§ **Problem to solve**
Would you give the data below back exactly as it reads?

##### Provided material

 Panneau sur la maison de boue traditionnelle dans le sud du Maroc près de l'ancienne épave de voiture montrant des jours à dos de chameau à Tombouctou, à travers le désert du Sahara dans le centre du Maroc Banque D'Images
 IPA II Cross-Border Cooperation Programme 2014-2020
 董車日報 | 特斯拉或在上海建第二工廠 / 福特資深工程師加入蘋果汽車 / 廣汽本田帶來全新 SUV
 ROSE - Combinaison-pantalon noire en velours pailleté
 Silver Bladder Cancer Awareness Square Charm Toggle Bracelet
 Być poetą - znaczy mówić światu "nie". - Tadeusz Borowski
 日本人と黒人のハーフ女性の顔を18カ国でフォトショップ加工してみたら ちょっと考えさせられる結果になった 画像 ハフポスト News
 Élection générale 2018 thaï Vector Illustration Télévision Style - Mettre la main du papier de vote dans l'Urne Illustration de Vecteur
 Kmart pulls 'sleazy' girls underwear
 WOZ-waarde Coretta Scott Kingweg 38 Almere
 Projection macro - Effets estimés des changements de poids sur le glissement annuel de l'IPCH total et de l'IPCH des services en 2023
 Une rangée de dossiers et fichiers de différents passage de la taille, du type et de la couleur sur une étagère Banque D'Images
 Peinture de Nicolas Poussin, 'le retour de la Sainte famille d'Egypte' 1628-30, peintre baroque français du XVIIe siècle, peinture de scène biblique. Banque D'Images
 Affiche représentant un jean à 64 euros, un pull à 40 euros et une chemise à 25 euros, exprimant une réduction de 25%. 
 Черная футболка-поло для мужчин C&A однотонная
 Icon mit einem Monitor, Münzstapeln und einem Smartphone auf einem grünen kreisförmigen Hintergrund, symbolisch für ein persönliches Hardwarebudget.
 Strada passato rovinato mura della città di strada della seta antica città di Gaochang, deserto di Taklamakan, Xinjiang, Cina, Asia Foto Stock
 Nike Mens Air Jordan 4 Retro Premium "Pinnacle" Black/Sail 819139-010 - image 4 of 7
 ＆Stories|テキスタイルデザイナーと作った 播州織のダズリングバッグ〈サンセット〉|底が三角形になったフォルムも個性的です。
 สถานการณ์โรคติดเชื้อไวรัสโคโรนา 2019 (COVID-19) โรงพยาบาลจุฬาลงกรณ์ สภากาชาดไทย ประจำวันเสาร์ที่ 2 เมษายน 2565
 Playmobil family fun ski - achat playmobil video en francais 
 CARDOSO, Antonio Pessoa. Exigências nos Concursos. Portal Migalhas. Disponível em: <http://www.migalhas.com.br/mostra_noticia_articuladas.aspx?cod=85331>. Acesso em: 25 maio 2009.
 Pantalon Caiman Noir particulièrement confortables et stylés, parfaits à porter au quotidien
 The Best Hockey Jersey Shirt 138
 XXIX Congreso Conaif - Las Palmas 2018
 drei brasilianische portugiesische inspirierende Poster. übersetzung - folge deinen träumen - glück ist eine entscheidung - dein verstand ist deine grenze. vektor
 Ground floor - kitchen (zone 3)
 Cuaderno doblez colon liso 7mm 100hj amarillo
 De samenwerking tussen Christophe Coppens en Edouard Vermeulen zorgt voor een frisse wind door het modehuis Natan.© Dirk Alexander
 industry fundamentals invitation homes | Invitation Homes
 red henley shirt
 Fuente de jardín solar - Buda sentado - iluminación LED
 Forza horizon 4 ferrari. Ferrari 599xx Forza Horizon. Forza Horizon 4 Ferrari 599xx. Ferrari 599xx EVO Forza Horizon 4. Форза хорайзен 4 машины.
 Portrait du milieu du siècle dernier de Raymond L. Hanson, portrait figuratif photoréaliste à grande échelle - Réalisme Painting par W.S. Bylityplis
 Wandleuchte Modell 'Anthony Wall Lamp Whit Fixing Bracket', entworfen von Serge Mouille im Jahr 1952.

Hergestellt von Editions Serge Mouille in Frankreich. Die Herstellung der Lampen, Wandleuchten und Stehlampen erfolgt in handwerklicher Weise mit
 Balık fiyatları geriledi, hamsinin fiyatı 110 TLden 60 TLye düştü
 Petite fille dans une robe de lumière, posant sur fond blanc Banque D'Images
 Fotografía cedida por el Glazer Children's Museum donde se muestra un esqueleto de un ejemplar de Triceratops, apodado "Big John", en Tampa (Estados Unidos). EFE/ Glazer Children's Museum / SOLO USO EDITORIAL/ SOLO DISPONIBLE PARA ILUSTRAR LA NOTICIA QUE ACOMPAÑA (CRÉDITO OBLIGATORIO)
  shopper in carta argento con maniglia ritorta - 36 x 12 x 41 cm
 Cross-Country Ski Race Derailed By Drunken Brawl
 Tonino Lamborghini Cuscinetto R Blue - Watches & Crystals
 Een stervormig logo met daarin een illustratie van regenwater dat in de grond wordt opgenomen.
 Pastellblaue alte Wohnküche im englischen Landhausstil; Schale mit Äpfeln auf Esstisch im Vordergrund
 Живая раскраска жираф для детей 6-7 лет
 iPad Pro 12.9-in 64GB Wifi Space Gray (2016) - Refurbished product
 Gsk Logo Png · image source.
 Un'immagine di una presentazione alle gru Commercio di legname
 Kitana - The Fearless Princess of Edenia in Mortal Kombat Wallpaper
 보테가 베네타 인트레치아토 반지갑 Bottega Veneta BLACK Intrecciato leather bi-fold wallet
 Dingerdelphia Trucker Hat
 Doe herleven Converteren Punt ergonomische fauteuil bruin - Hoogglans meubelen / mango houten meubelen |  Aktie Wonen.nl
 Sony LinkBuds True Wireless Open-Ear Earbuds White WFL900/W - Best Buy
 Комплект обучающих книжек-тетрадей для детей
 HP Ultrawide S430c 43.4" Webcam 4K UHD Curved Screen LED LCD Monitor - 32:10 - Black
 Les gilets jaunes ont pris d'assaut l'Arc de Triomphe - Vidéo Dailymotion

##########

§ **Response to the exercise**
 Panneau sur la maison de boue traditionnelle dans le sud du Maroc près de l'ancienne épave de voiture montrant des jours à dos de chameau à Tombouctou, à travers le désert du Sahara dans le centre du Maroc Banque D'Images
 IPA II Cross-Border Cooperation Programme 2014-2020
 董車日報 | 特斯拉或在上海建第二工廠 / 福特資深工程師加入蘋果汽車 / 廣汽本田帶來全新 SUV
 ROSE - Combinaison-pantalon noire en velours pailleté
 Silver Bladder Cancer Awareness Square Charm Toggle Bracelet
 Być poetą - znaczy mówić światu "nie". - Tadeusz Borowski
 日本人と黒人のハーフ女性の顔を18カ国でフォトショップ加工してみたら ちょっと考えさせられる結果になった 画像 ハフポスト News
 Élection générale 2018 thaï Vector Illustration Télévision Style - Mettre la main du papier de vote dans l'Urne Illustration de Vecteur
 Kmart pulls 'sleazy' girls underwear
 WOZ-waarde Coretta Scott Kingweg 38 Almere
 Projection macro - Effets estimés des changements de poids sur le glissement annuel de l'IPCH total et de l'IPCH des services en 2023
 Une rangée de dossiers et fichiers de différents passage de la taille, du type et de la couleur sur une étagère Banque D'Images
 Peinture de Nicolas Poussin, 'le retour de la Sainte famille d'Egypte' 1628-30, peintre baroque français du XVIIe siècle, peinture de scène biblique. Banque D'Images
 Affiche représentant un jean à 64 euros, un pull à 40 euros et une chemise à 25 euros, exprimant une réduction de 25%. 
 Черная футболка-поло для мужчин C&A однотонная
 Icon mit einem Monitor, Münzstapeln und einem Smartphone auf einem grünen kreisförmigen Hintergrund, symbolisch für ein persönliches Hardwarebudget.
 Strada passato rovinato mura della città di strada della seta antica città di Gaochang, deserto di Taklamakan, Xinjiang, Cina, Asia Foto Stock
 Nike Mens Air Jordan 4 Retro Premium "Pinnacle" Black/Sail 819139-010 - image 4 of 7
 ＆Stories|テキスタイルデザイナーと作った 播州織のダズリングバッグ〈サンセット〉|底が三角形になったフォルムも個性的です。
 สถานการณ์โรคติดเชื้อไวรัสโคโรนา 2019 (COVID-19) โรงพยาบาลจุฬาลงกรณ์ สภากาชาดไทย ประจำวันเสาร์ที่ 2 เมษายน 2565
 Playmobil family fun ski - achat playmobil video en francais 
 CARDOSO, Antonio Pessoa. Exigências nos Concursos. Portal Migalhas. Disponível em: <http://www.migalhas.com.br/mostra_noticia_articuladas.aspx?cod=85331>. Acesso em: 25 maio 2009.
 Pantalon Caiman Noir particulièrement confortables et stylés, parfaits à porter au quotidien
 The Best Hockey Jersey Shirt 138
 XXIX Congreso Conaif - Las Palmas 2018
 drei brasilianische portugiesische inspirierende Poster. übersetzung - folge deinen träumen - glück ist eine entscheidung - dein verstand ist deine grenze. vektor
 Ground floor - kitchen (zone 3)
 Cuaderno doblez colon liso 7mm 100hj amarillo
 De samenwerking tussen Christophe Coppens en Edouard Vermeulen zorgt voor een frisse wind door het modehuis Natan.© Dirk Alexander
 industry fundamentals invitation homes | Invitation Homes
 red henley shirt
 Fuente de jardín solar - Buda sentado - iluminación LED
 Forza horizon 4 ferrari. Ferrari 599xx Forza Horizon. Forza Horizon 4 Ferrari 599xx. Ferrari 599xx EVO Forza Horizon 4. Форза хорайзен 4 машины.
 Portrait du milieu du siècle dernier de Raymond L. Hanson, portrait figuratif photoréaliste à grande échelle - Réalisme Painting par W.S. Bylityplis
 Wandleuchte Modell 'Anthony Wall Lamp Whit Fixing Bracket', entworfen von Serge Mouille im Jahr 1952.

Hergestellt von Editions Serge Mouille in Frankreich. Die Herstellung der Lampen, Wandleuchten und Stehlampen erfolgt in handwerklicher Weise mit
 Balık fiyatları geriledi, hamsinin fiyatı 110 TLden 60 TLye düştü
 Petite fille dans une robe de lumière, posant sur fond blanc Banque D'Images
 Fotografía cedida por el Glazer Children's Museum donde se muestra un esqueleto de un ejemplar de Triceratops, apodado "Big John", en Tampa (Estados Unidos). EFE/ Glazer Children's Museum / SOLO USO EDITORIAL/ SOLO DISPONIBLE PARA ILUSTRAR LA NOTICIA QUE ACOMPAÑA (CRÉDITO OBLIGATORIO)
  shopper in carta argento con maniglia ritorta - 36 x 12 x 41 cm
 Cross-Country Ski Race Derailed By Drunken Brawl
 Tonino Lamborghini Cuscinetto R Blue - Watches & Crystals
 Een stervormig logo met daarin een illustratie van regenwater dat in de grond wordt opgenomen.
 Pastellblaue alte Wohnküche im englischen Landhausstil; Schale mit Äpfeln auf Esstisch im Vordergrund
 Живая раскраска жираф для детей 6-7 лет
 iPad Pro 12.9-in 64GB Wifi Space Gray (2016) - Refurbished product
 Gsk Logo Png · image source.
 Un'immagine di una presentazione alle gru Commercio di legname
 Kitana - The Fearless Princess of Edenia in Mortal Kombat Wallpaper
 보테가 베네타 인트레치아토 반지갑 Bottega Veneta BLACK Intrecciato leather bi-fold wallet
 Dingerdelphia Trucker Hat
 Doe herleven Converteren Punt ergonomische fauteuil bruin - Hoogglans meubelen / mango houten meubelen |  Aktie Wonen.nl
 Sony LinkBuds True Wireless Open-Ear Earbuds White WFL900/W - Best Buy
 Комплект обучающих книжек-тетрадей для детей
 HP Ultrawide S430c 43.4" Webcam 4K UHD Curved Screen LED LCD Monitor - 32:10 - Black
 Les gilets jaunes ont pris d'assaut l'Arc de Triomphe - Vidéo Dailymotion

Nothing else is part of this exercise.